WORK ORDER >> Omit the images, then repeat the listing exactly.

INFORMATION PROVIDED >>

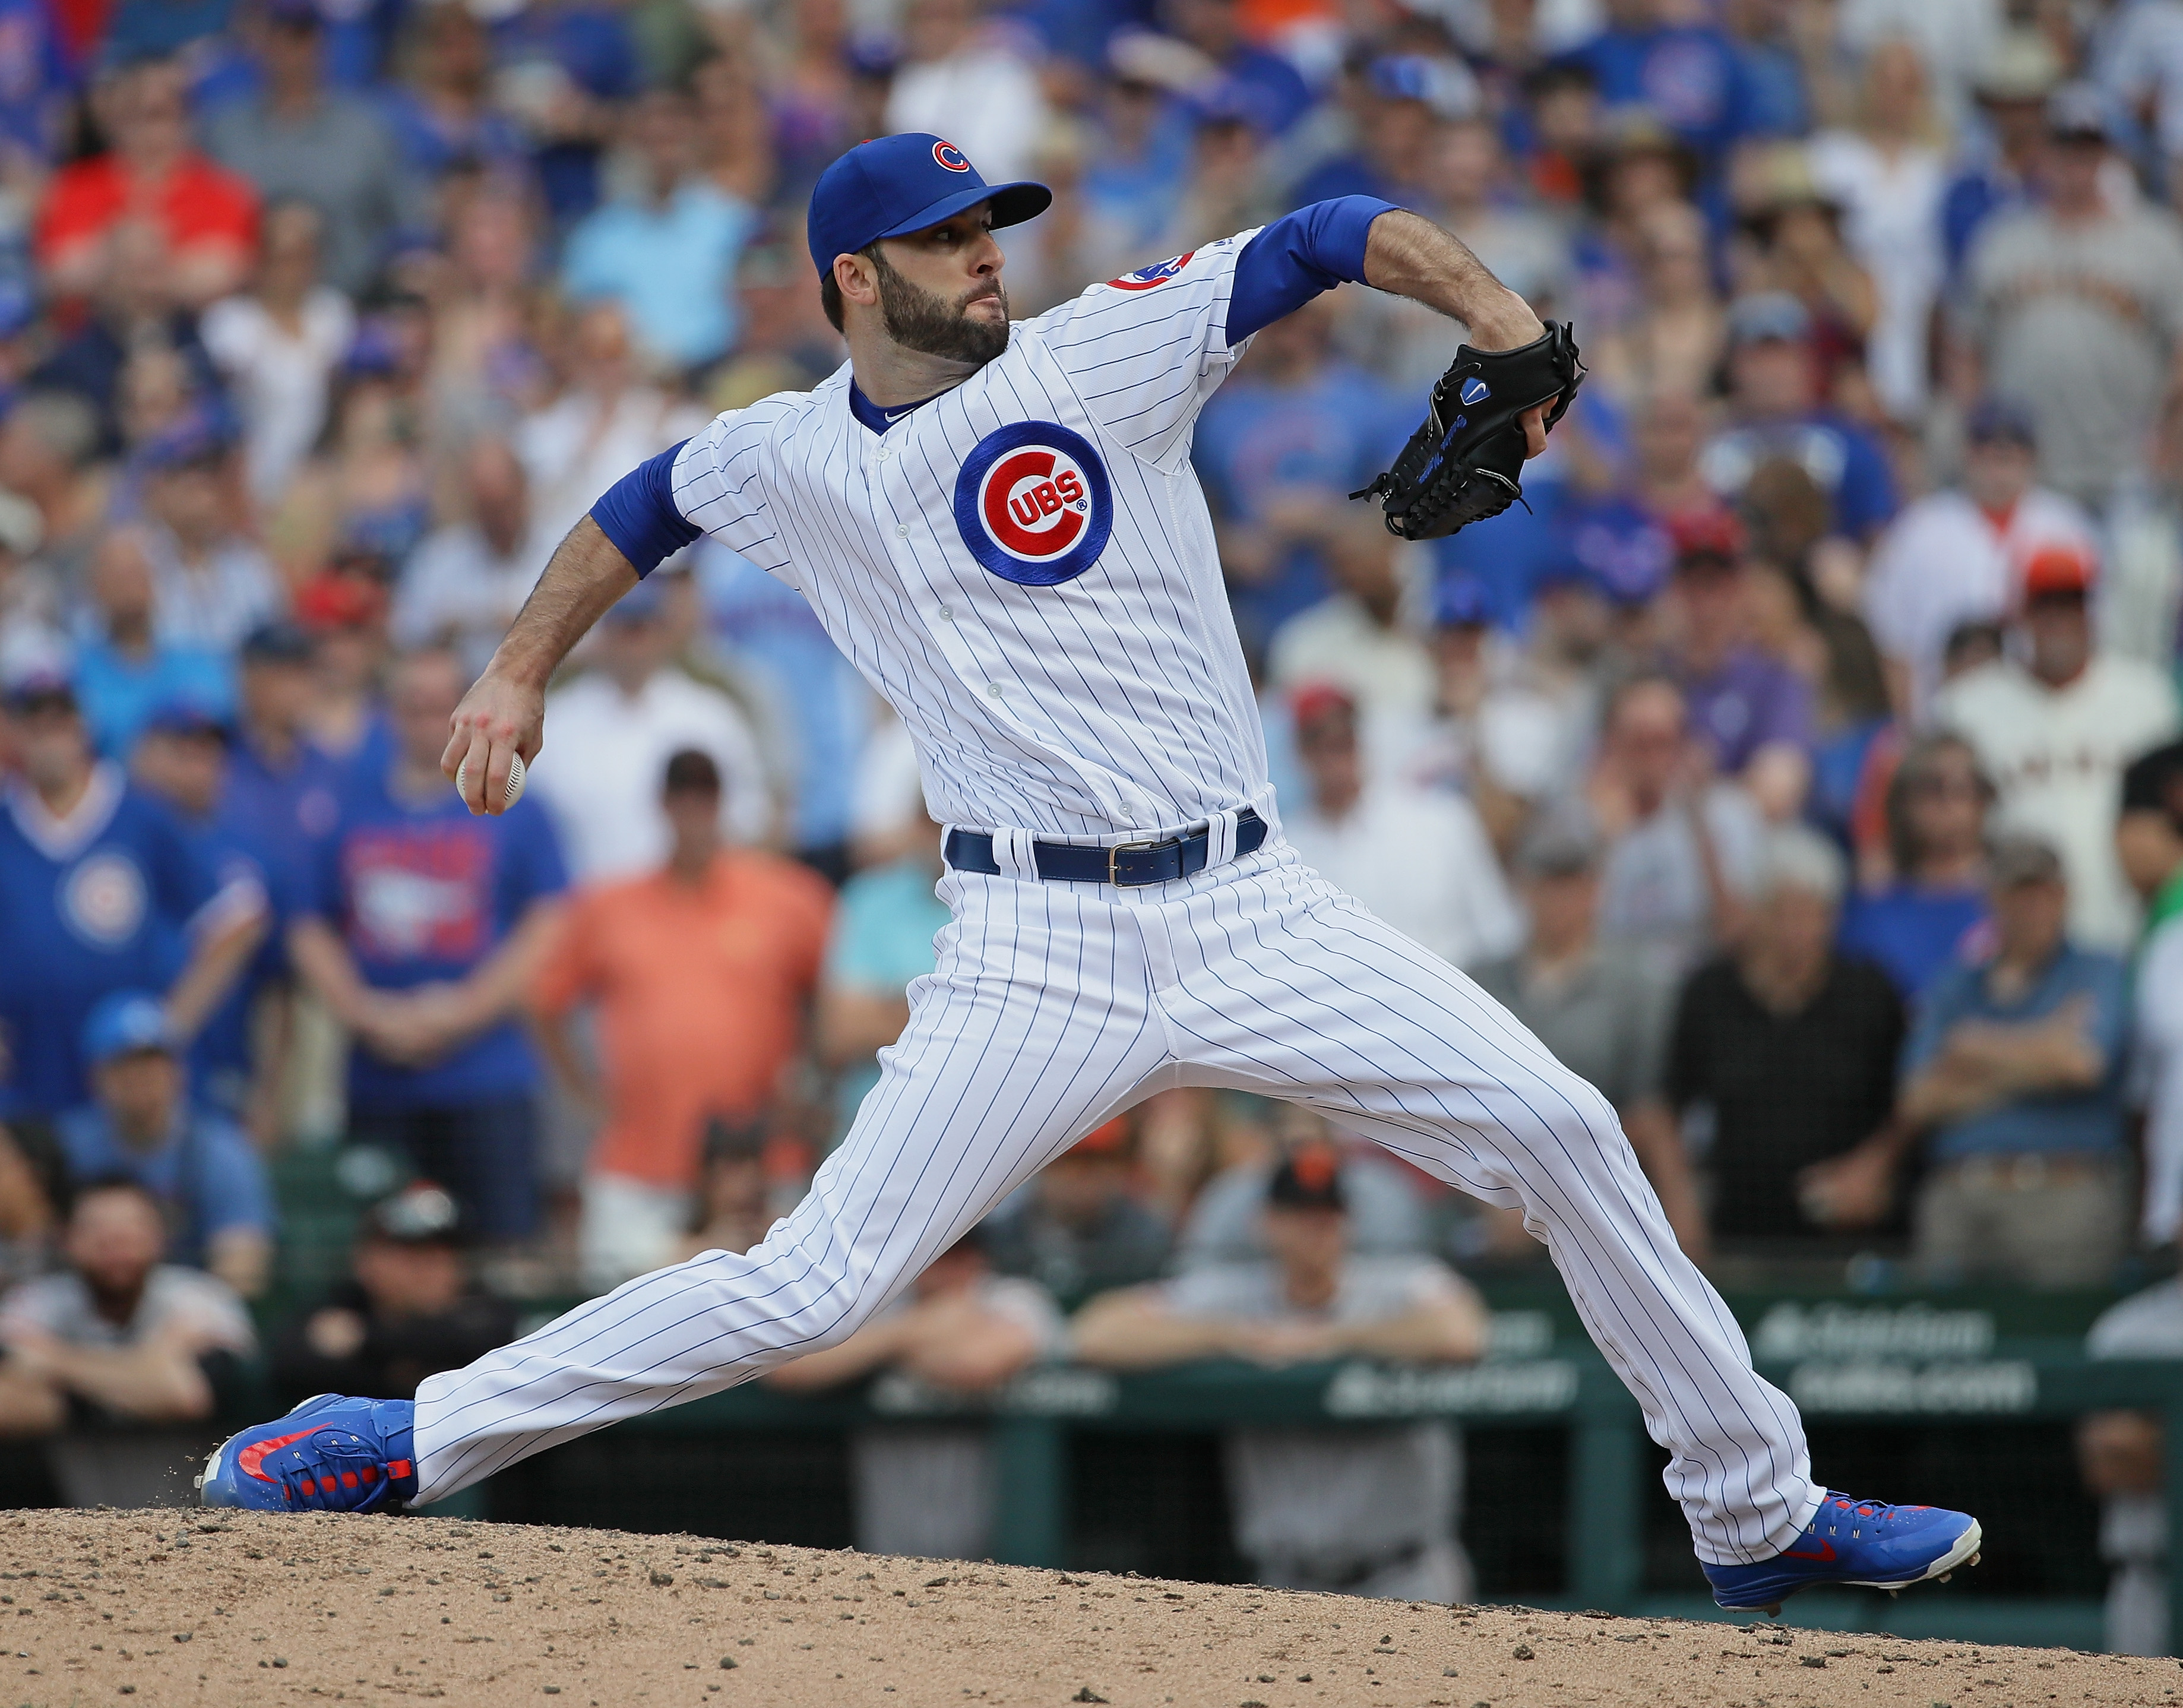 Are baseball players athletes? debate takes dramatic turn as Cubs
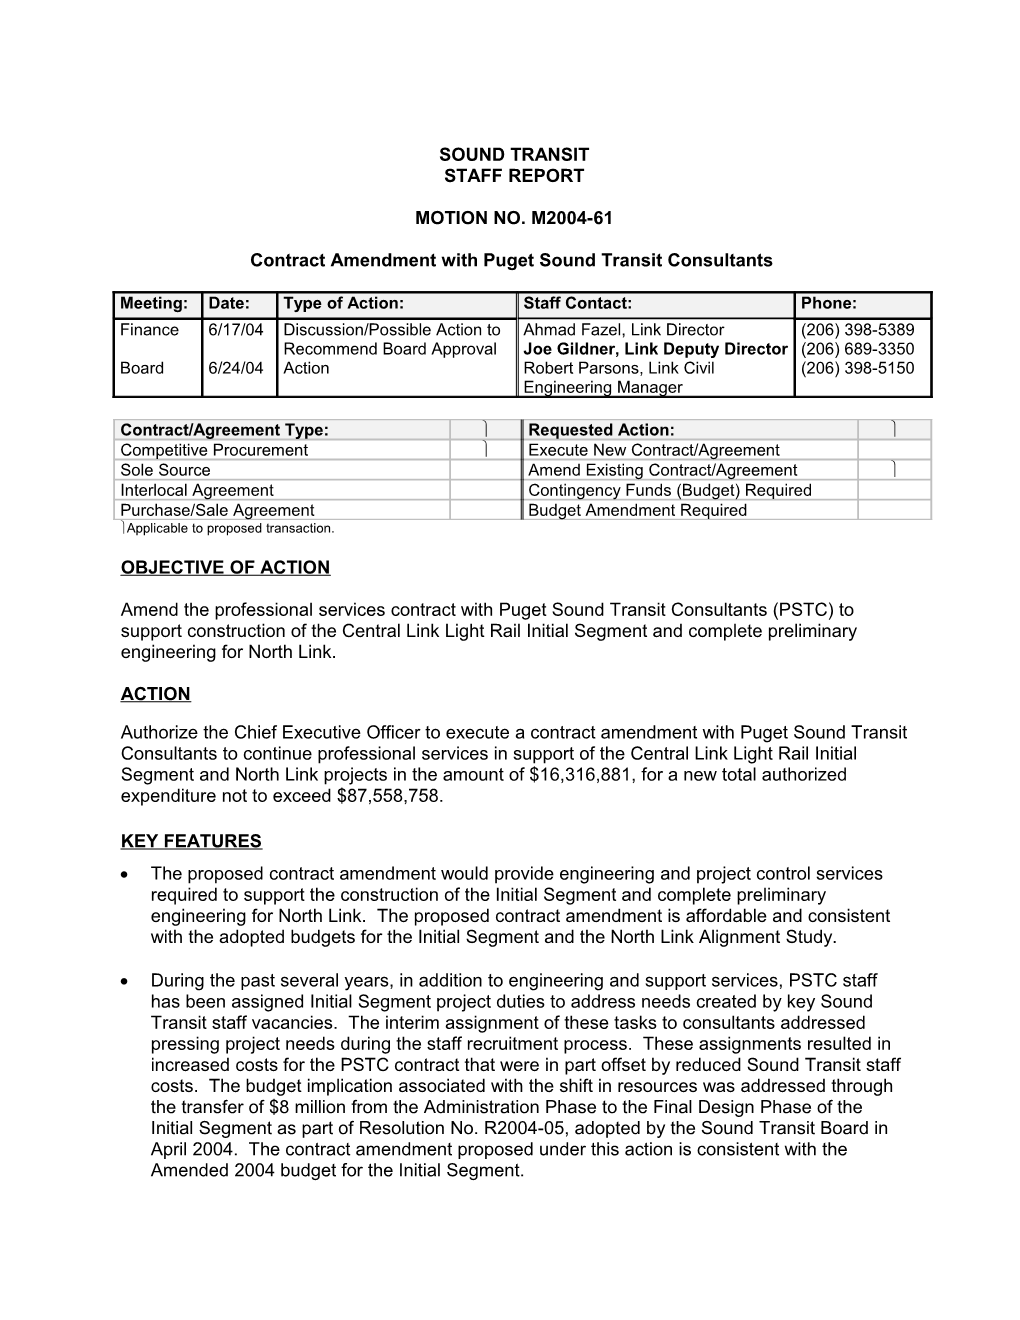 Contract Amendment with Puget Sound Transit Consultants
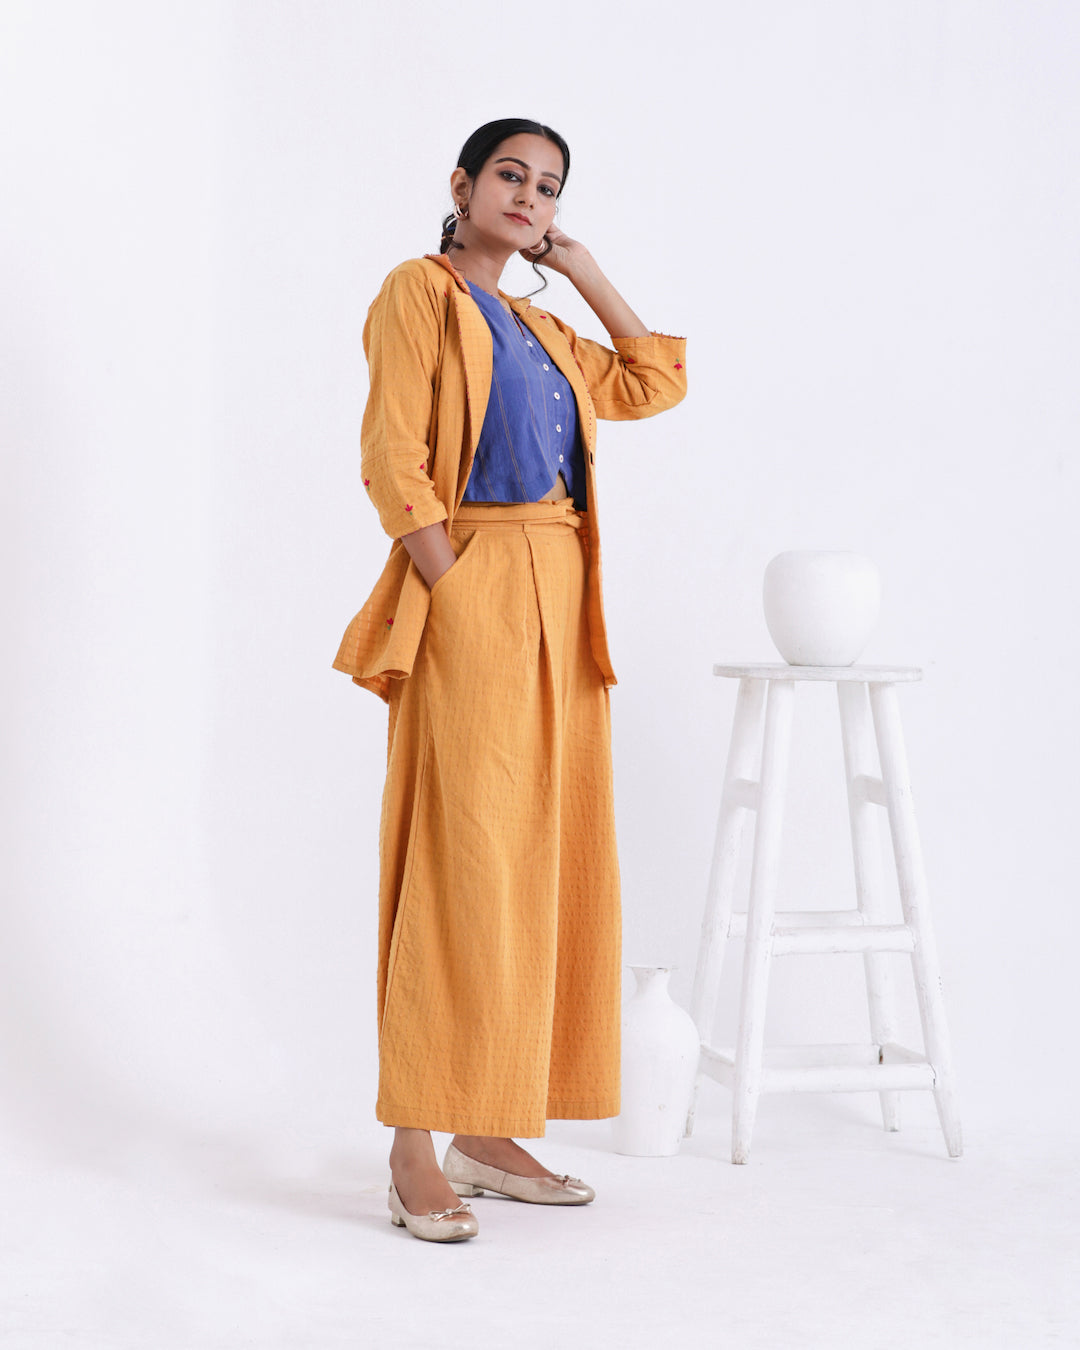 Shop business suit for women from Bebaak: 3 pc set of jacket, top and palazzo
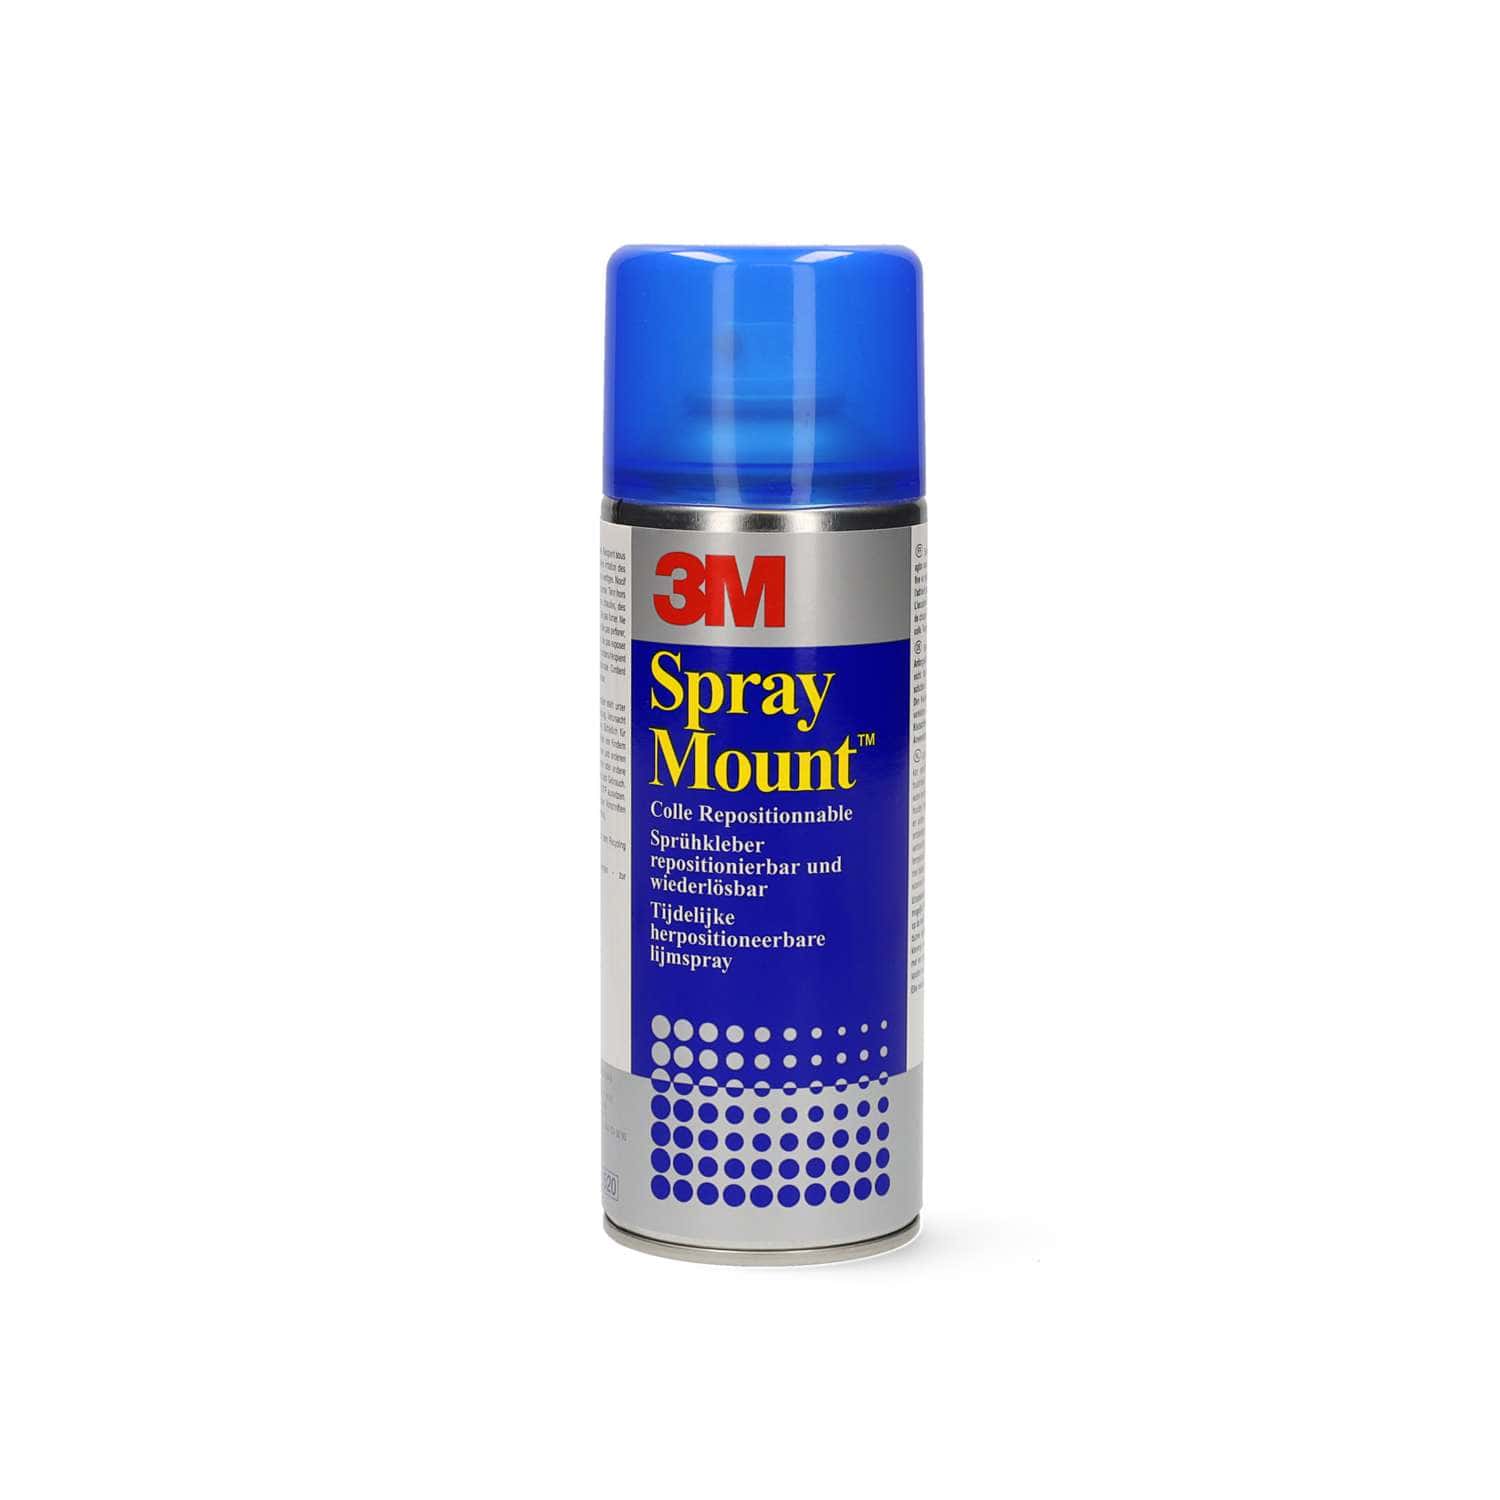 Colle repositionnable Spray Mount 400ml - 3M

SOLUTION TO THIS TASK >>
 Are baseball players athletes? debate takes dramatic turn as Cubs
 Contract Amendment with Puget Sound Transit Consultants
 Shop business suit for women from Bebaak: 3 pc set of jacket, top and palazzo
 Colle repositionnable Spray Mount 400ml - 3M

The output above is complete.